Ups and downs
I'm keeping myself distracted with my usual sources of inspiration and escape, movies and my books to stop myself from dwelling on things right now; really I'm waiting on a call from home that I don't want to take. But I can't stand the lingering limbo my uncle is in now either. My mum told me last night on the phone how poorly he now was; I think she's trying her best to prepare me for it. I know its coming and she doesn't really need to, but the fact that she tries, even when she is nursing her terminally ill big brother (who now looks so like his and my mother's father, my papa, it must make it even harder since she nursed him too) makes me love her so much more.
If I dwell on it I can feel myself ready to buckle, the emotions running so close to the surface, like a river in winter, flowing fast under a seemingly still, frozen surface. So once more my books come to my rescue, a literary landscape composed soley of letters sculpted into every shape, but in little quiet moments you can feel the ice cracking and splintering, the frozen river pushing its way out. I felt it the other morning sitting on the bus on the way to work, not really taking in the book in my hand.
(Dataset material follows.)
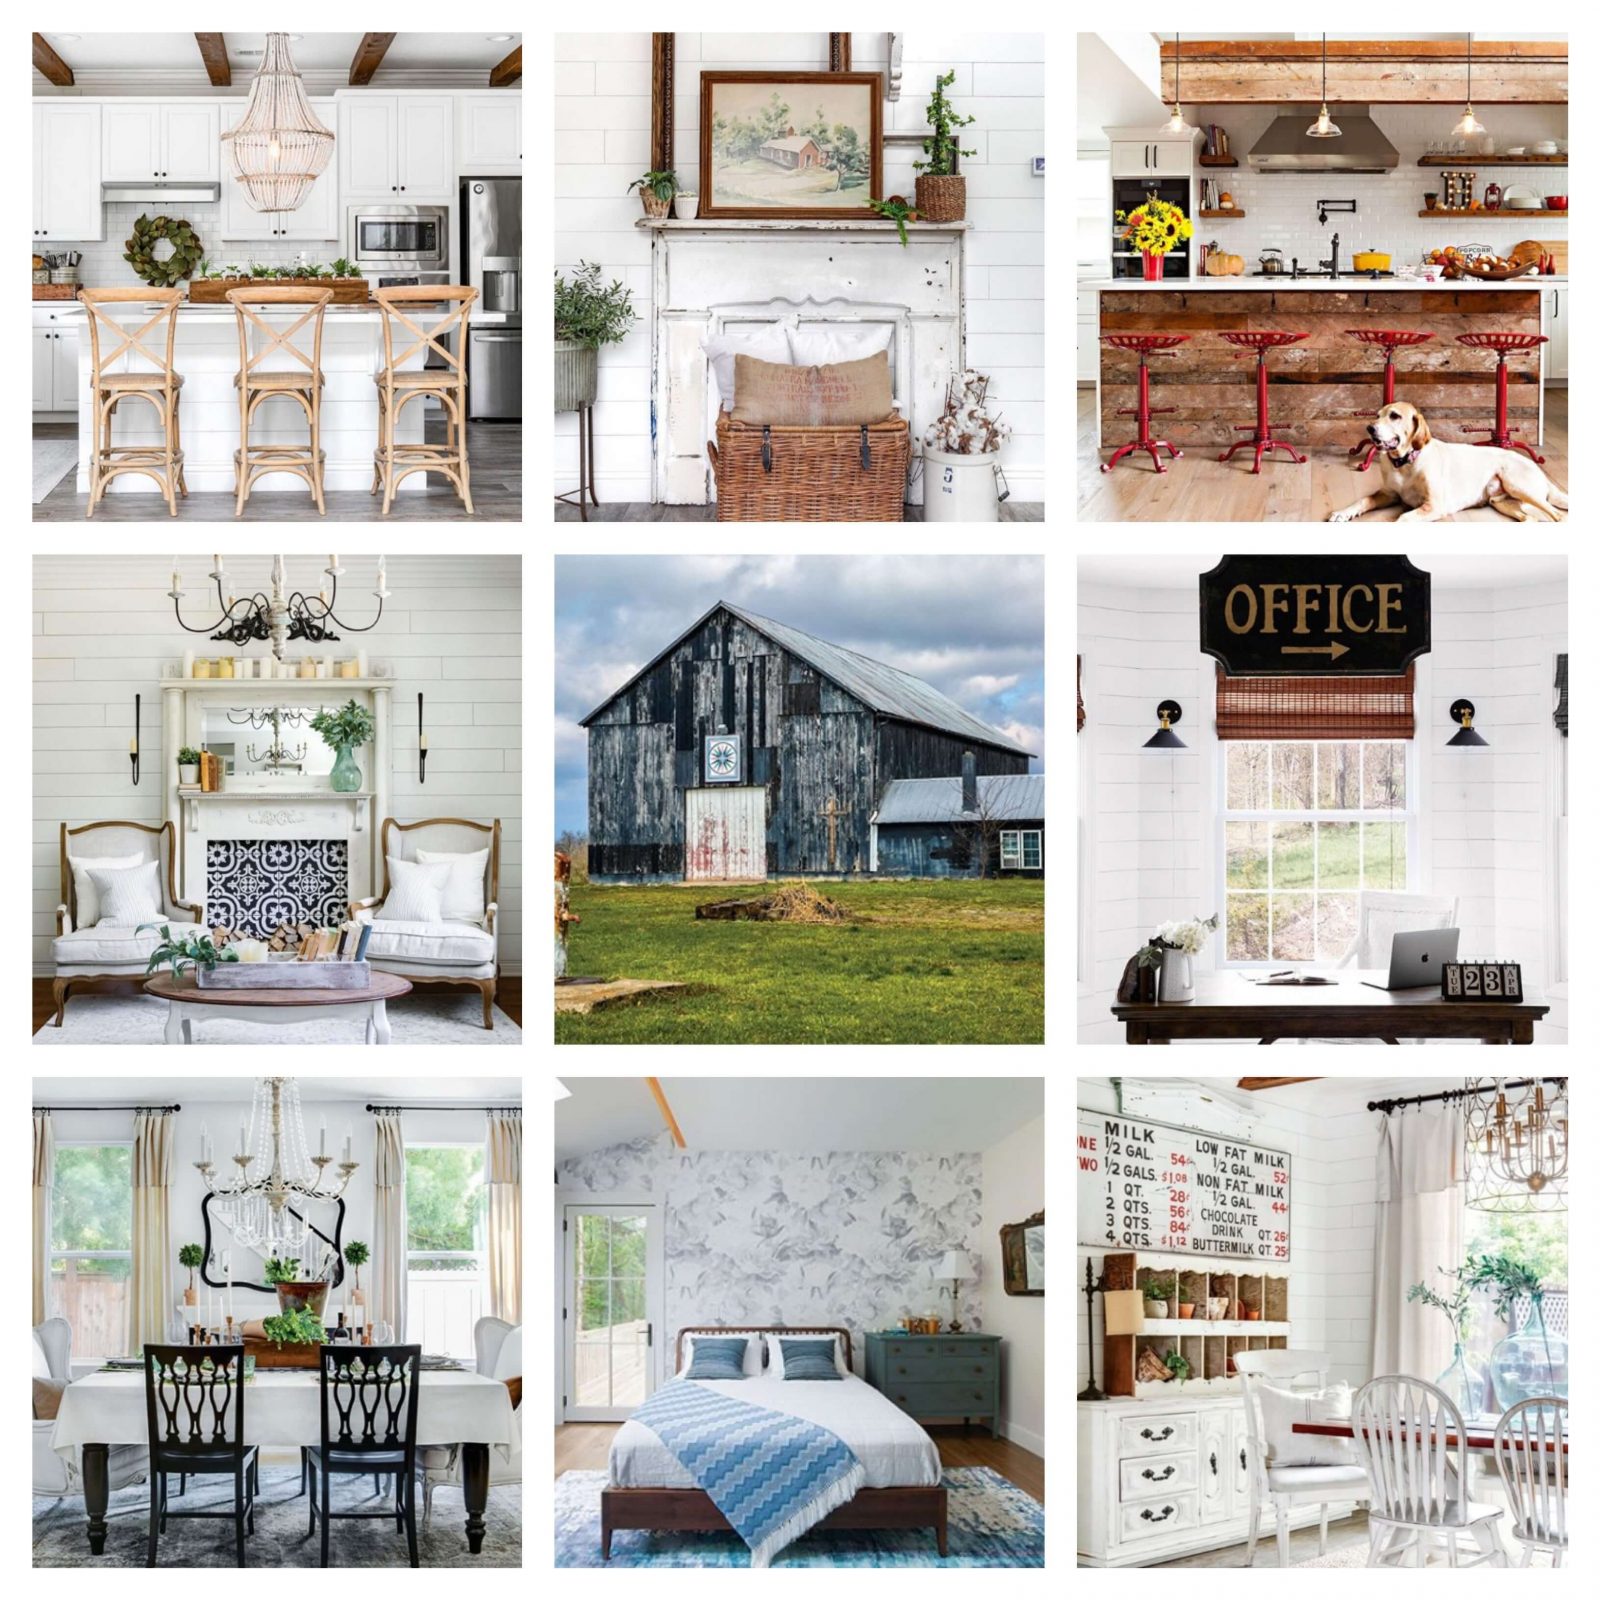 Mood board with farmhouse style home images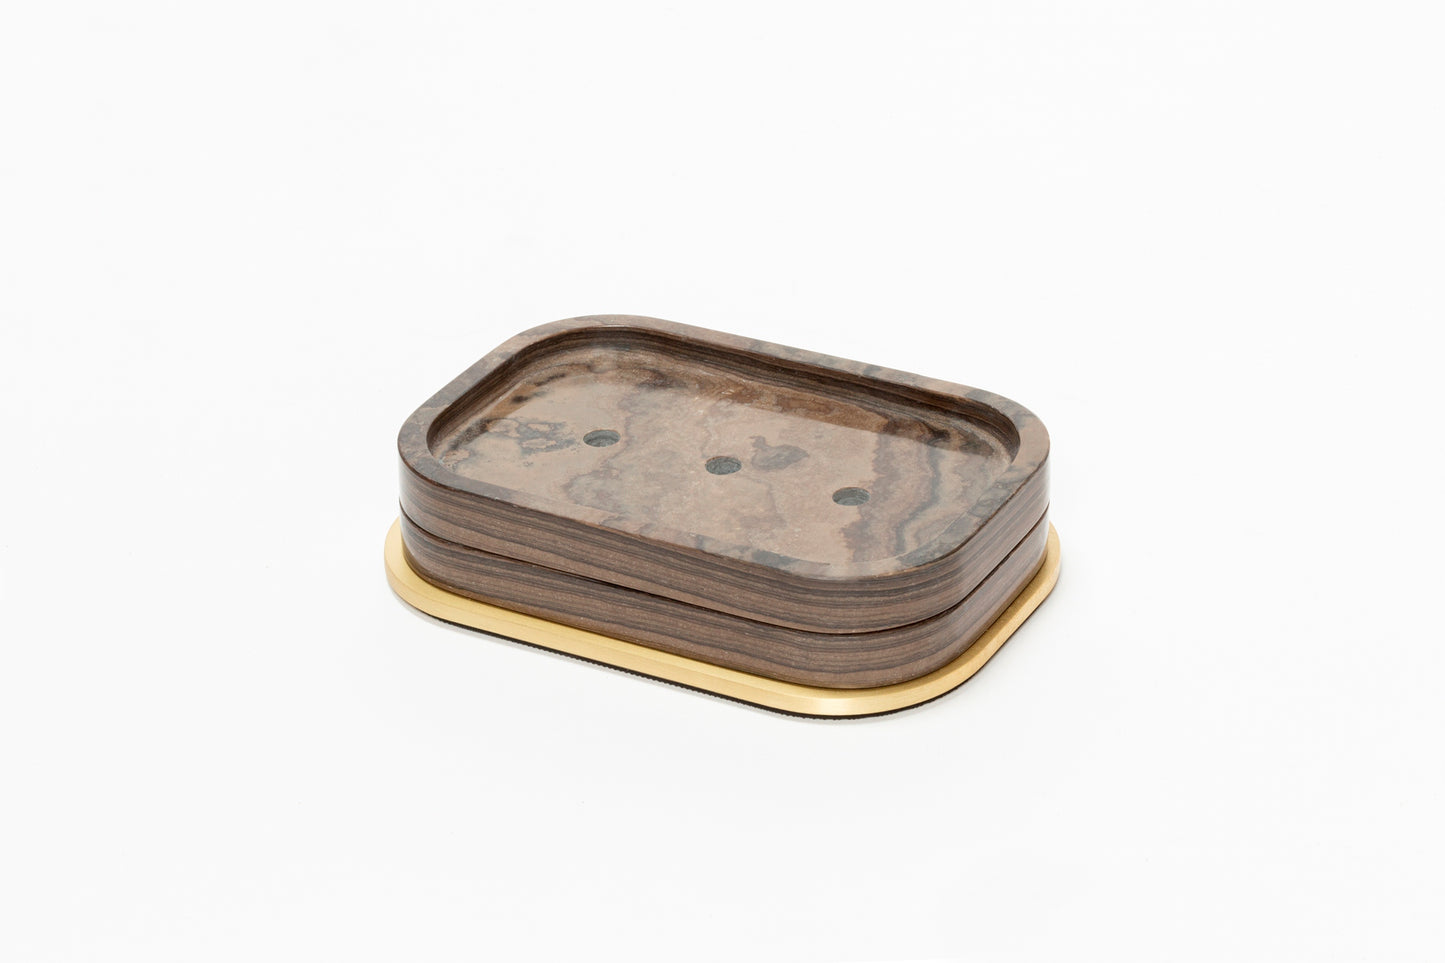 Giobagnara Polo Marble Rectangular Soap Bowl | Marble Structure with Brass Base Frame | Non-Slip Waterproof Rubber Base | Part of Polo Marble Bathroom Set | Iconic Silhouette with Rounded Corners | Unique and Exclusive Design | Explore the Polo Marble Bathroom Collection at 2Jour Concierge, #1 luxury high-end gift & lifestyle shop

It was a very cold morning with freezing fog swirling around Edinburgh; the slowly rising sun wasn't visible directly, but the fog around the great mass of the Castle was glowing with a diffuse amber light.
Then the bus turned over North Bridge, giving me a view west over the Gardens towards the Castle, the mist lying in the valley of the Gardens and east, out to the Forth and the magnificent view of Arthur's Seat, a huge extinct volcano right here in our city and the spot where Hutton examined the rocks and started to lay down the rules of the science we now know as geology centuries past. Arthur's Seat looks magnificent in all weathers, but this morning it looked remarkable. The pale, low, midwinter sunrise struck the crags, turning the cold stone a warm copper, while between the heights the mist had sunk, curling around lower rocks and outcrops and pouring out into the small loch at the base by the Palace like a living creature. It was as if the rocks were breathing and this twisting, low-lying mist was its exhalation, showing sharp in the cold air just as my own breath did. For a little moment I saw magic and beauty in the cold, winter dawn. No one else seemed to lift their heads to look out from the bus and it felt as if the spirit of the rocks had put on a beautiful show just for me.
My Dear Joe,
ReplyDeleteI'm so sorry to read about your uncle....it's such a difficult thing to watch. I wish I could say or do something to ease your pain and short of sending you a topless picture I've only got a cyber hug...(((((Joe))))).
As always your words are so moving and I love seeing the world through your eyes. I do want to be sure I wish you a belated happy birthday...I'm sorry I missed the actual day and saying I've been in a haze since December is my only patheic excuse.
I hope this year brings you lots of joy....if anyone deserves it you do.
Love,
Lili
What a beautiful post. You should write a novel, you have great descriptive powers.